For training, we used an official implementation of ‘A Style-Based Generator Architecture for Generative Adversarial Networks’ by NVIDIA called StyleGAN2 (Karras and others 2020a). This improved version of the StyleGAN was state-of-the-art in generating synthetic imagery at the time we did the experiment. Since then, another, even more improved version, StyleGAN3 (Karras and others 2021),has been released. However, it seems most of the improvements were, in fact, generations without artefacts, so they are not very important in terms of our project.

Our working setup included the Quadro M6000 graphics card from NVIDIA containing 12GB of GPU memory. Since training in full resolution of 1024x1024 pixels requires around 14GB of GPU memory, we opted for a resolution of 512x512 pixels. This setting not only affords enough usable detail in the resulting imagery while decreasing the amount of required memory to around 10GB, but also cuts the time required for training in half.
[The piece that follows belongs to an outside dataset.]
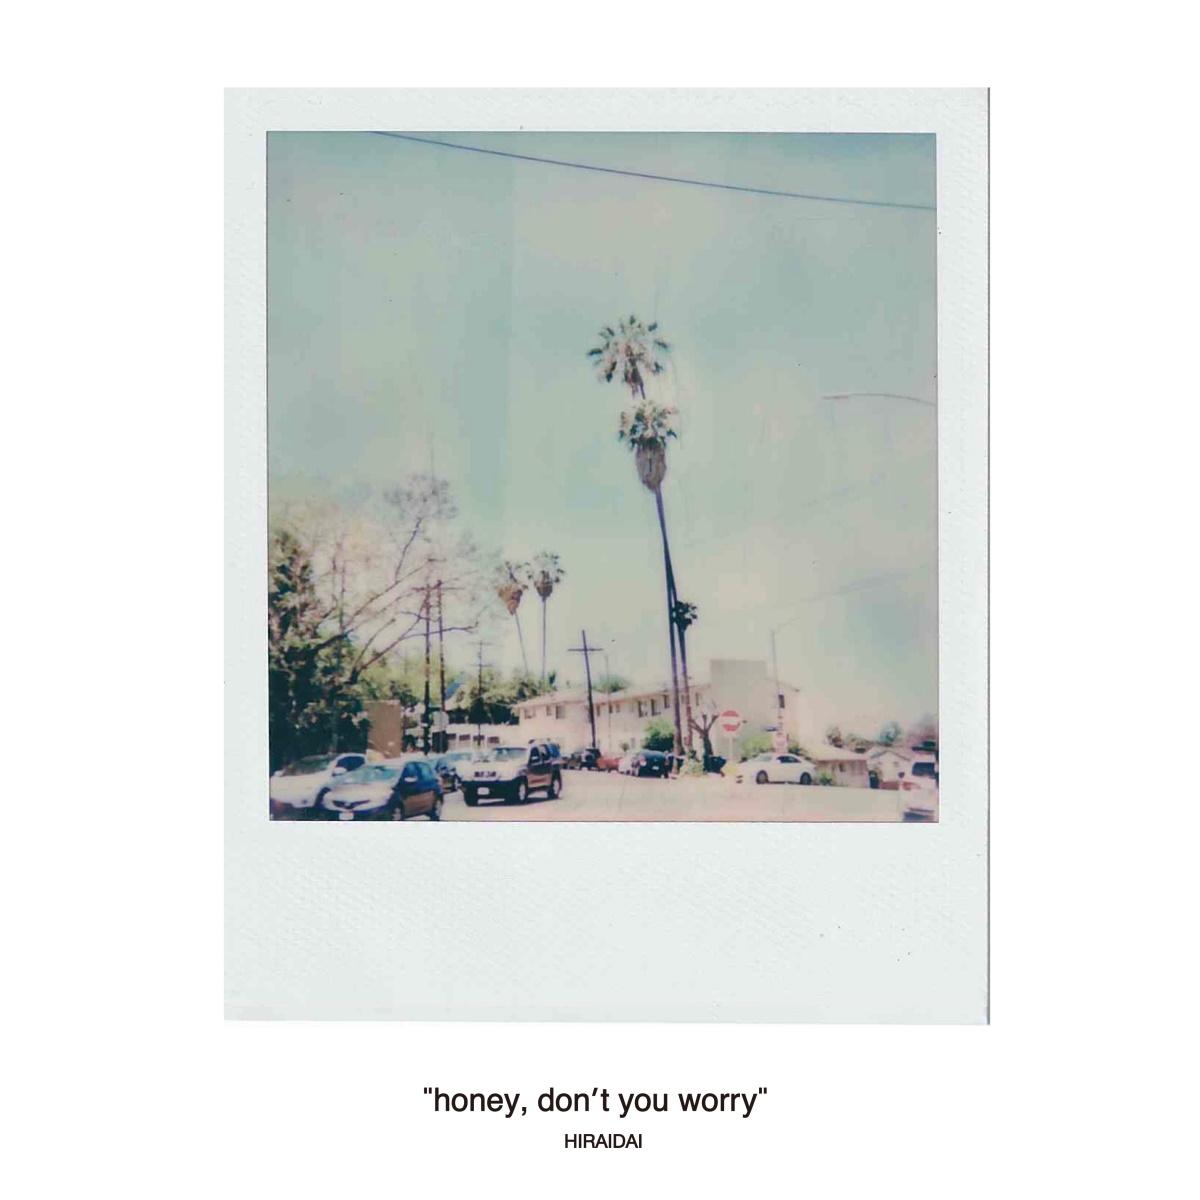 『平井大 - honey, don't you worry』収録の『honey, don't you worry』ジャケット

This factor was very important when training on ‘consumer’ tier graphics cards because it took us a full 14 days (more precisely, 343 hours) to reach one million iterations. In comparison, NVIDIA papers operate with 25 million iterations trained on several (usually 8) graphics cards from the ‘professional’ tier, which are each around six times more expensive than our dated card. Since our goal was to achieve abstract imagery rather than photorealistic quality, even using half-a-million iterations would have been feasible.

When observing the results of our training, we noticed that certain individual, randomly generated images resembled each other as well as photos from the input dataset. This is known as ‘overfitting’ (see Fig. 5) and is caused by not inputting enough images.
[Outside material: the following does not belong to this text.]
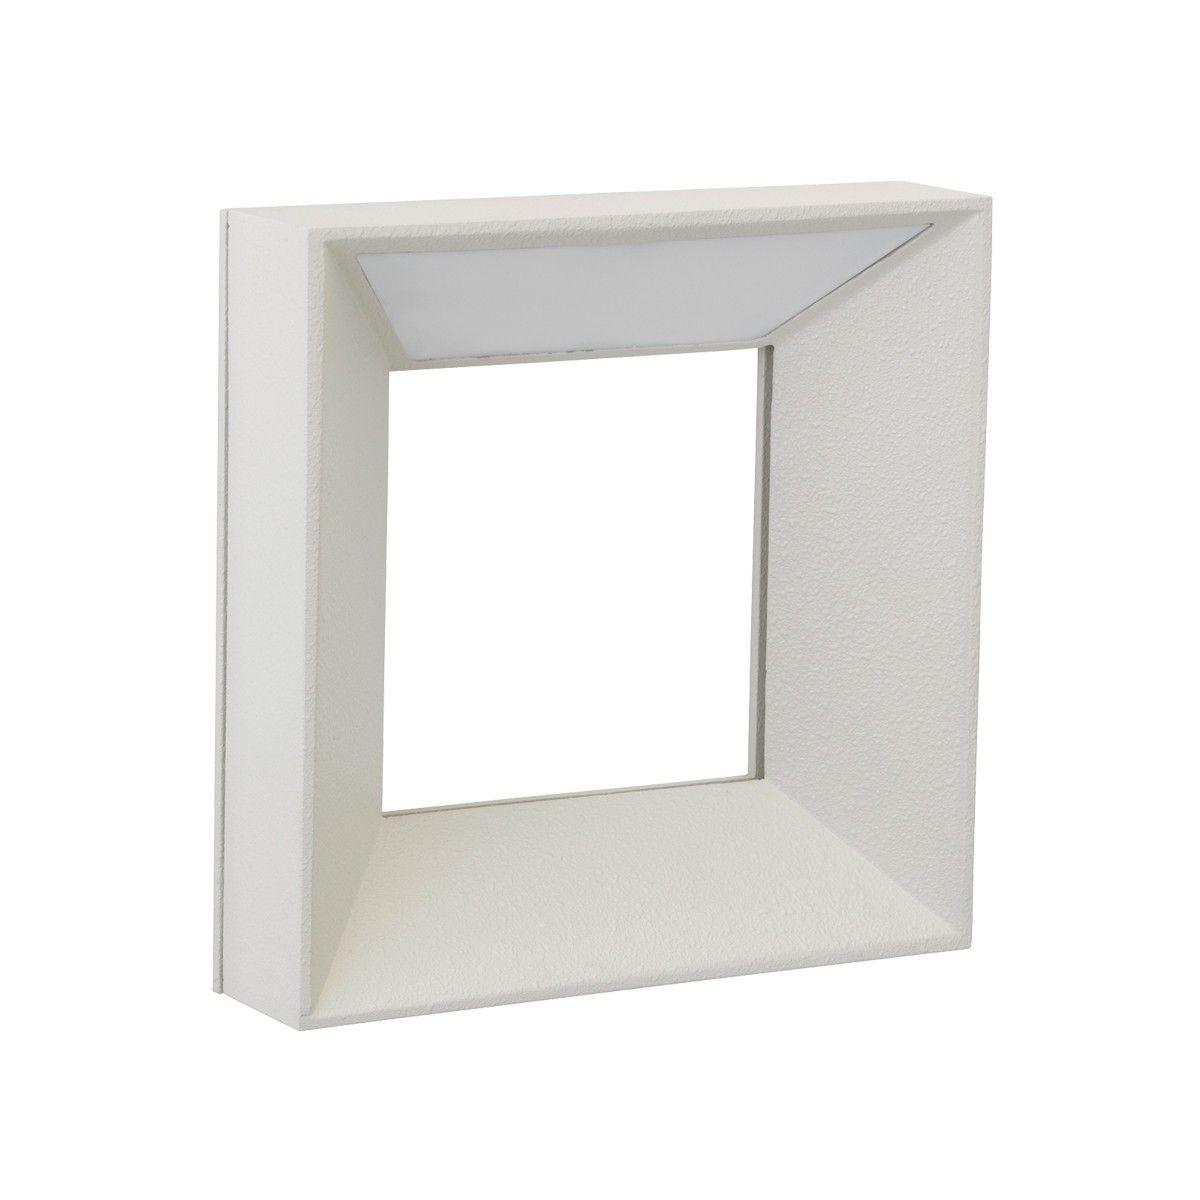 Led Punktstrahler Außen Außenlampen Antik Weiß Leuchten

Figure 5. Example of overfitting. Top row are images from the dataset, bottom row StyleGAN outputs.

Luckily, there is a method called Adaptive Discriminator Augmentation (ADA) (Karras and others 2020b) that can be used in combination with StyleGAN2. This method uses arbitrary flips and rotations to augment the input dataset, producing much better results using fewer images. This method is not suitable for homogeneous datasets (e.g., aligned photos of faces) where homogenous results are expected, but since we were operating on a rather random dataset and were expecting abstract visuals, this method was ideal. In 206 hours (almost 9 days), we trained 0.6 million iterations using this method and were happy to see that this approach provided satisfactory results.
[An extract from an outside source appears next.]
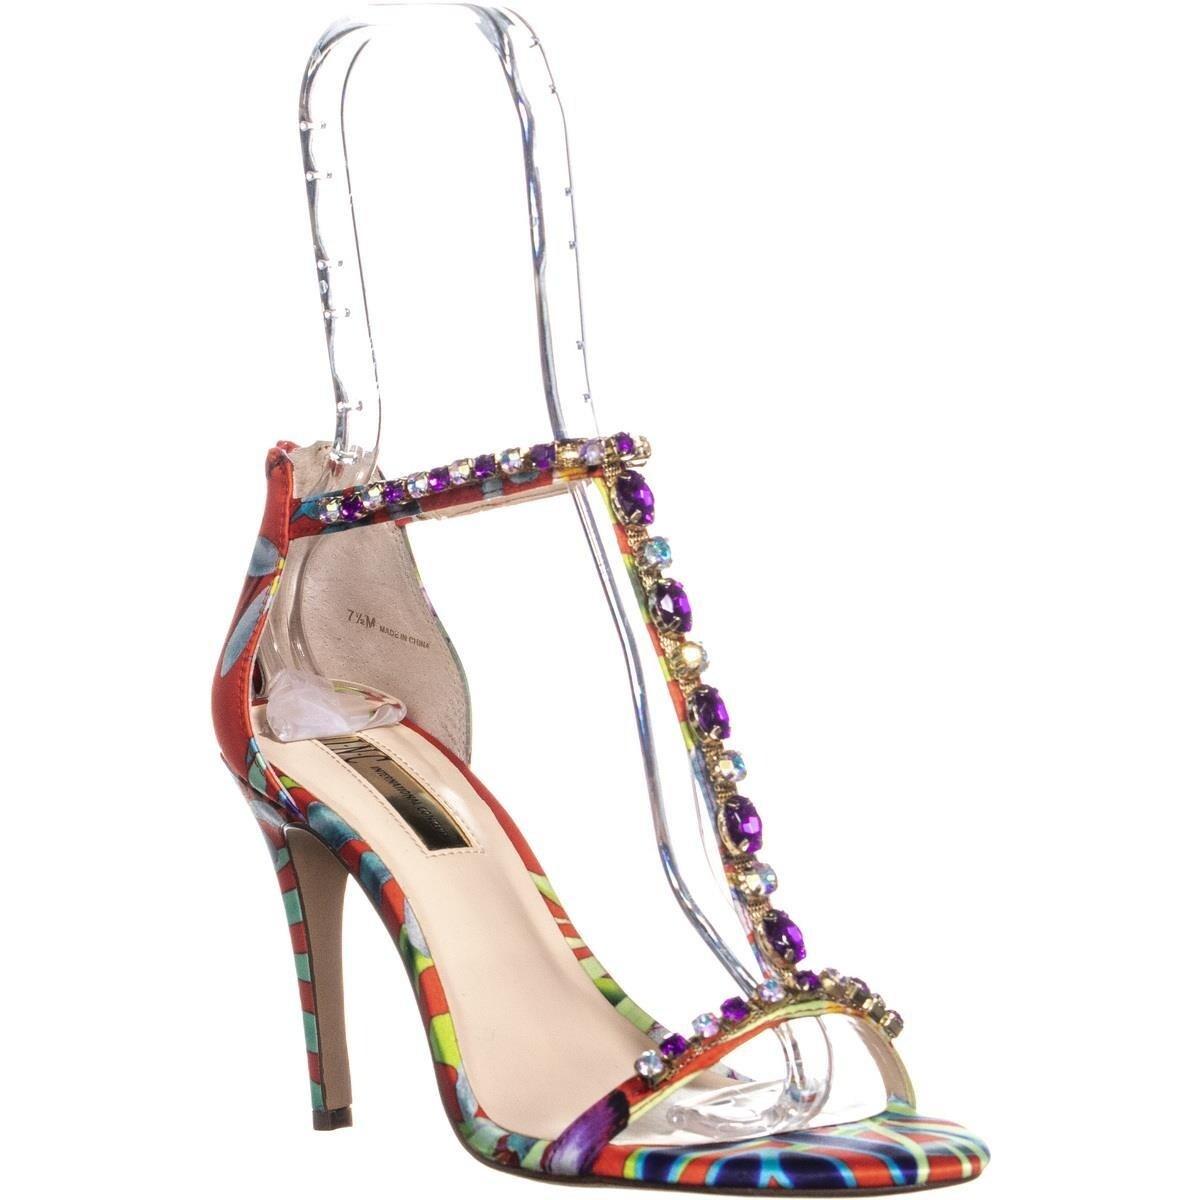 bf6f2854073 Buy Orange Women s Sandals Online at Overstock

There is another approach to training a dataset other than owning a graphics card. Lots of Cloud providers, such as Google, Amazon, Azure, or Lambda Labs, rent state-of-the-art GPUs by the hour. For example, the hourly rate for an NVIDIA V100 graphics card is currently $1.50. Since the V100 GPU can process one million iterations at a resolution of 512x512 pixels in around 21 hours, the entirety of the training would cost about $32. Training one million iterations at full resolution (1024x1024 pixels) would take around 44 hours, or $66. At first sight, it seems a no-brainer to use a Cloud to train your own dataset, but the capacity of Cloud providers is often maxed out, and we were unable to get any GPU cards assigned to us (as they were already in use by other customers). The situation is most probably caused by the ongoing chip crisis, which will hopefully improve within the upcoming year.

Figure 6. Snapshots from the training.